- _Activity_: Each line below should be retyped exactly, with no pictures.

- _Dataset excerpt_:
☆ ☆ ☆

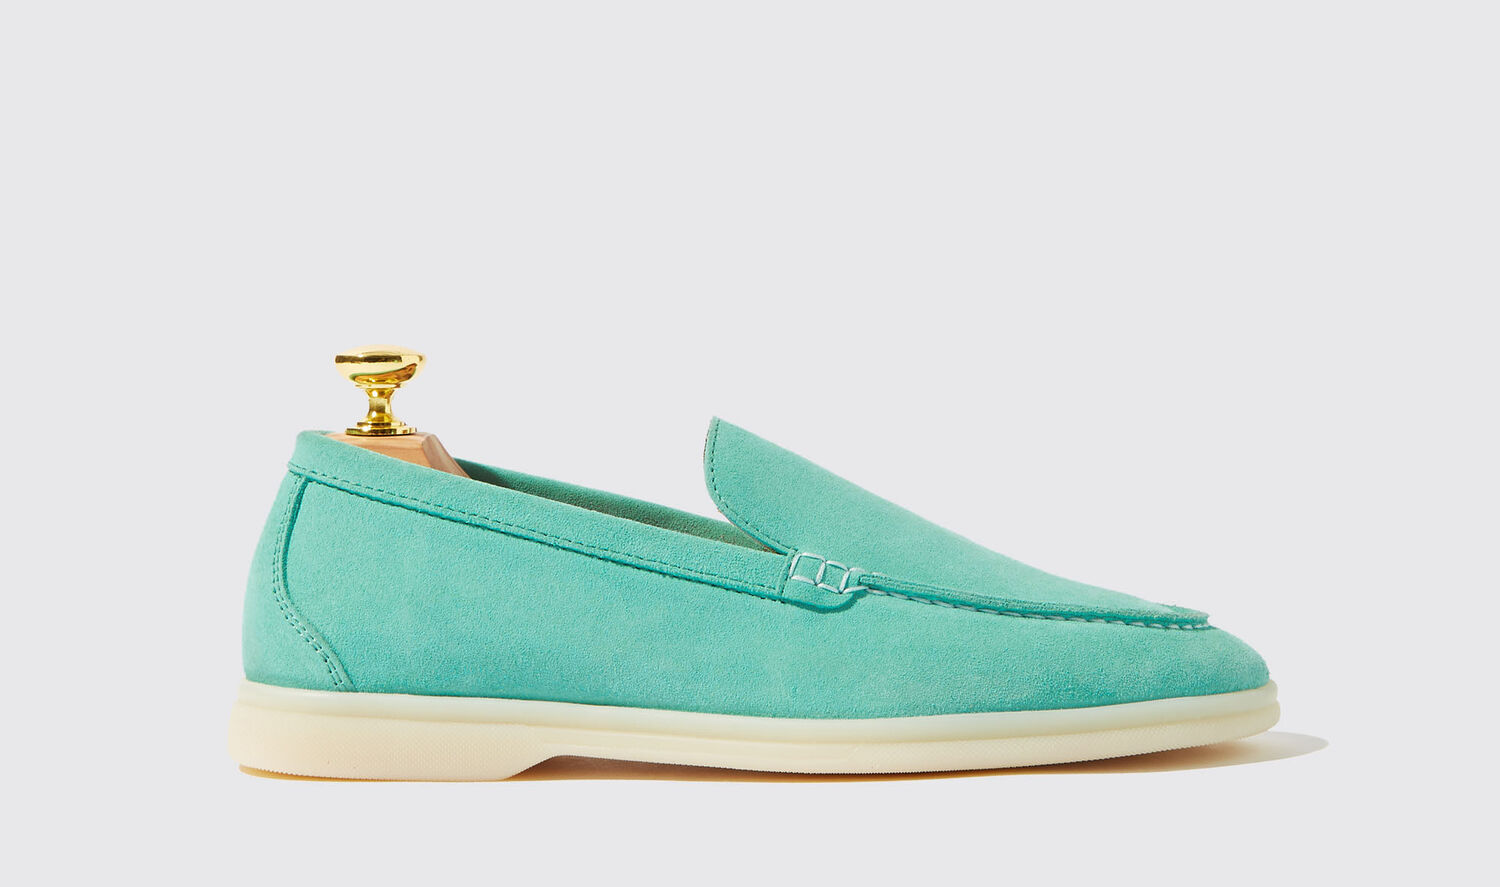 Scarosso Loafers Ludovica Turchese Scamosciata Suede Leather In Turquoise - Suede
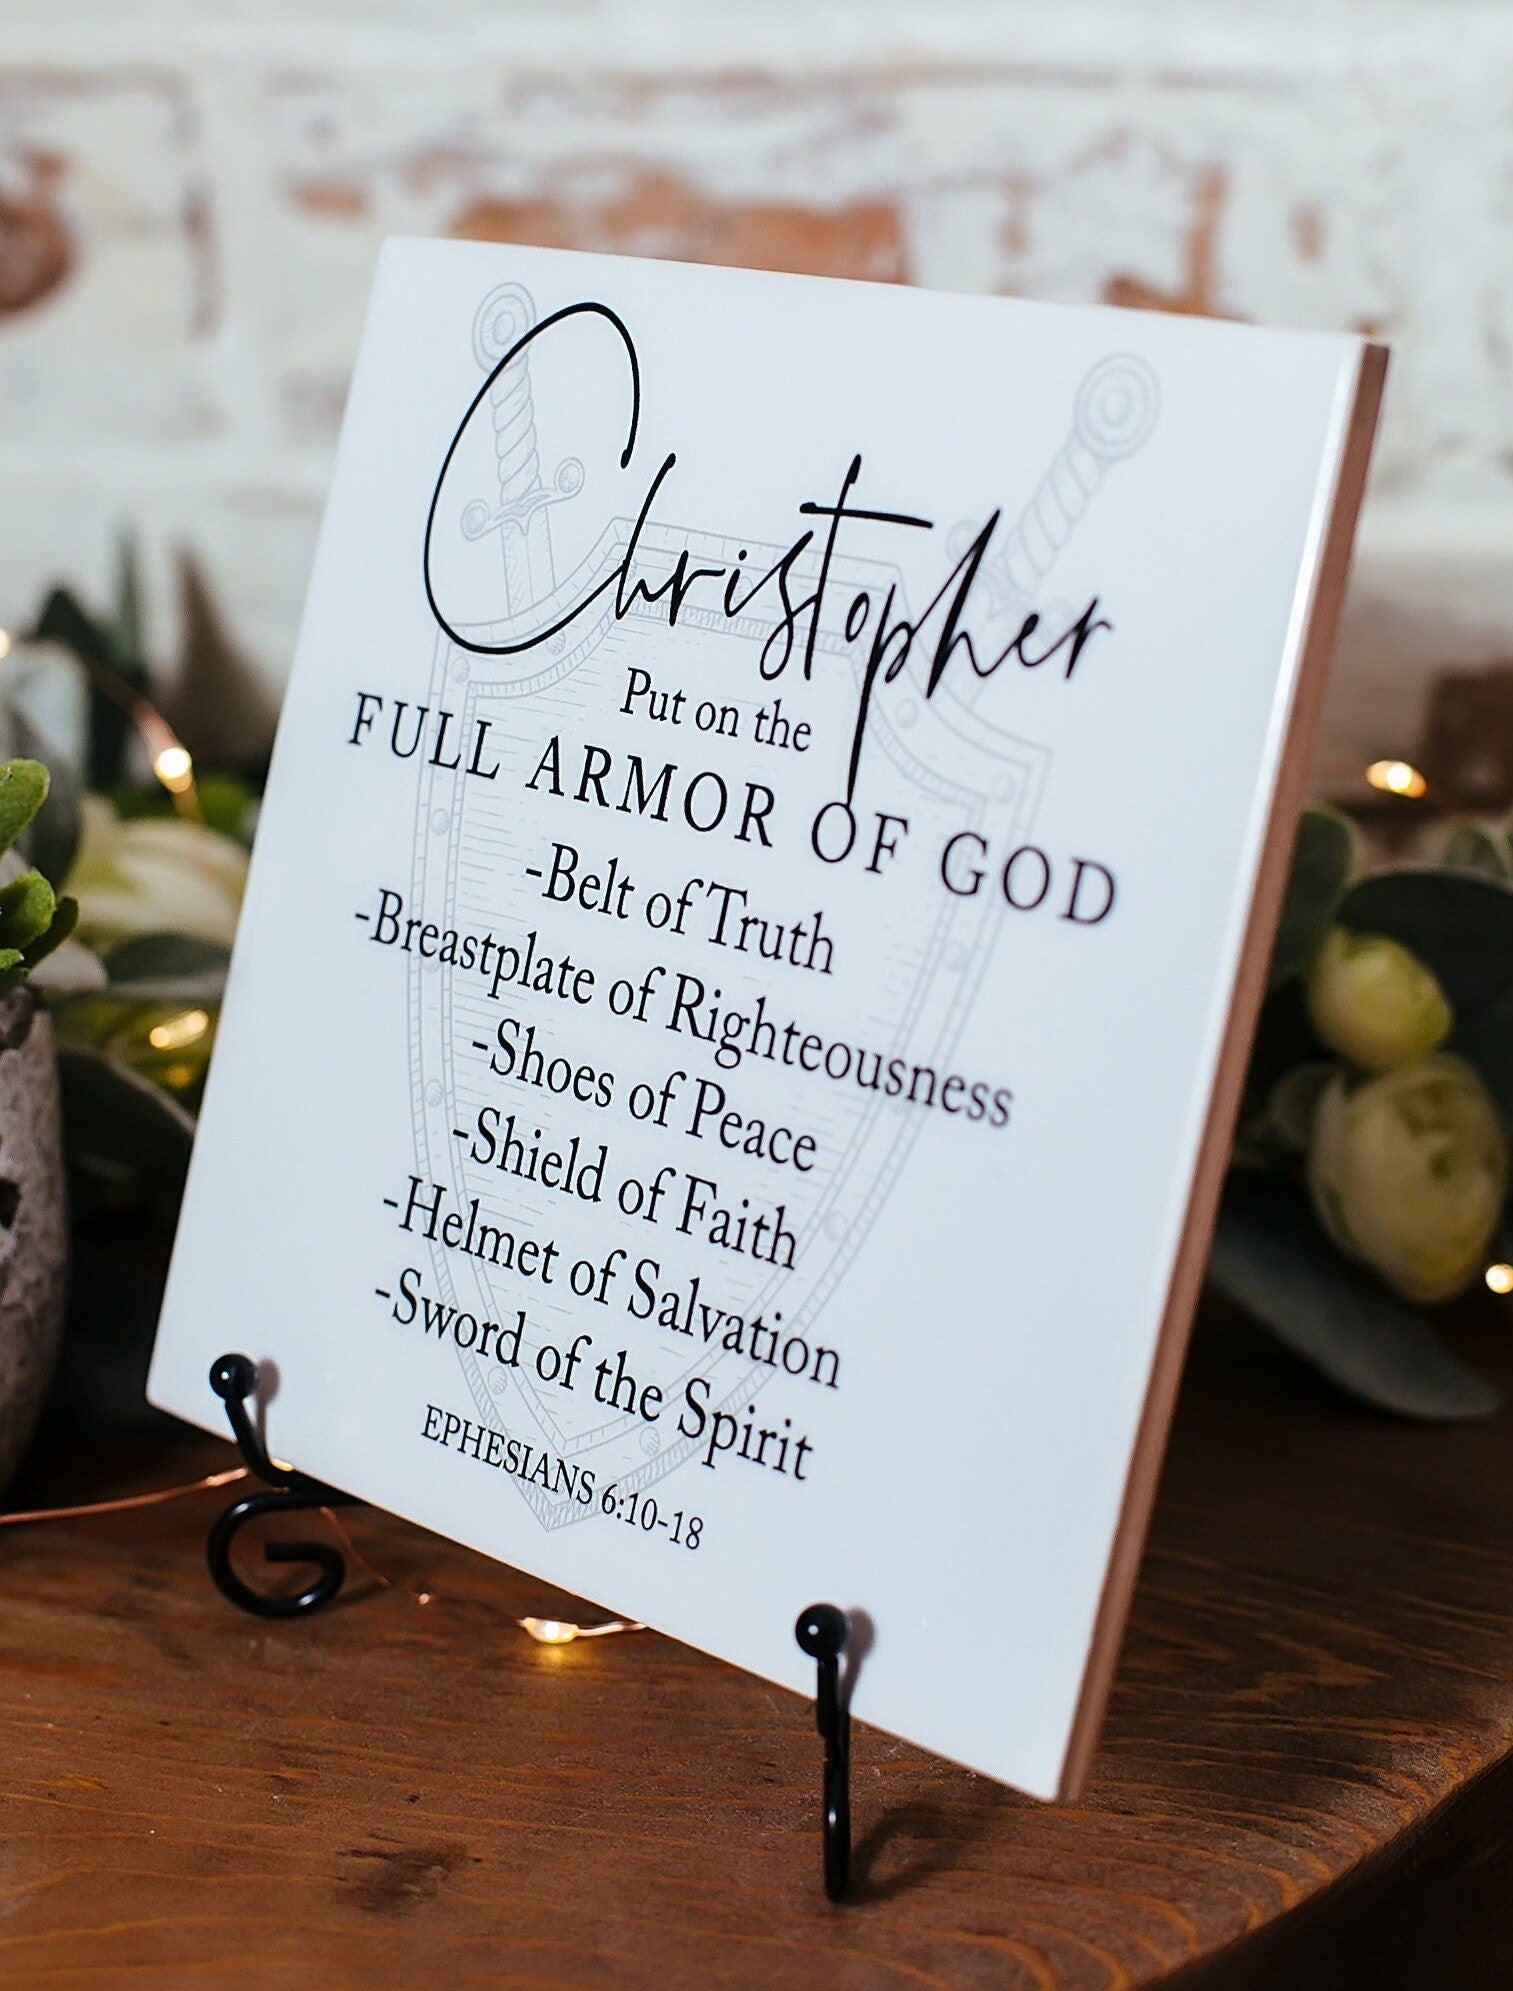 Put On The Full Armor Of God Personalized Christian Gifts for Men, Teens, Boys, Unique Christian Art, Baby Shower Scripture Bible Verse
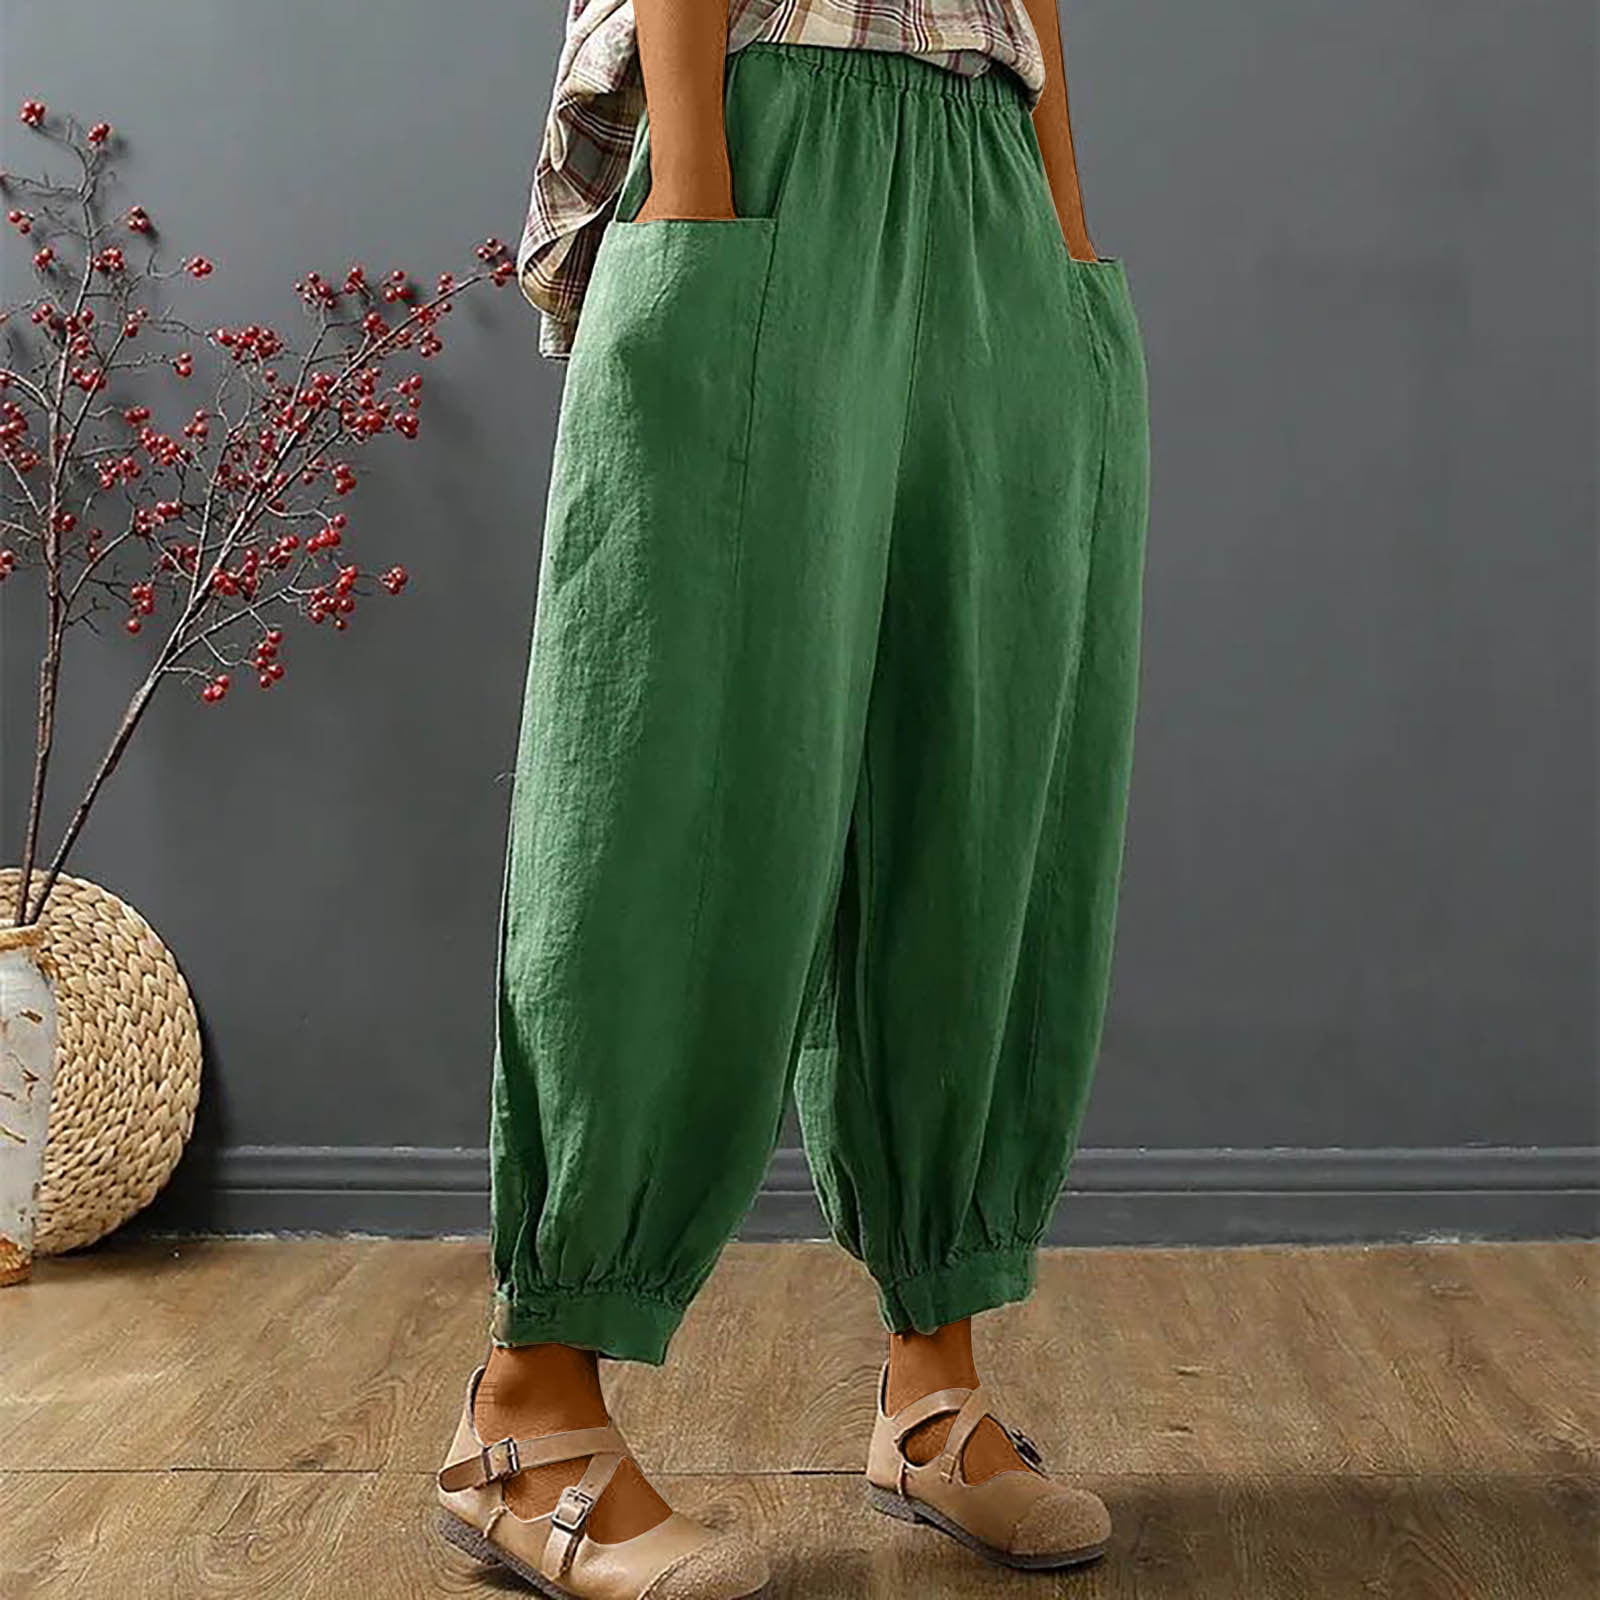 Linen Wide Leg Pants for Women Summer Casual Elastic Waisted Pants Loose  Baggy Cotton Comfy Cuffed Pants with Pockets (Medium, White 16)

☆ ☆ ☆

- _Output for this task_:
 Scarosso Loafers Ludovica Turchese Scamosciata Suede Leather In Turquoise - Suede
 Put On The Full Armor Of God Personalized Christian Gifts for Men, Teens, Boys, Unique Christian Art, Baby Shower Scripture Bible Verse
 Linen Wide Leg Pants for Women Summer Casual Elastic Waisted Pants Loose  Baggy Cotton Comfy Cuffed Pants with Pockets (Medium, White 16)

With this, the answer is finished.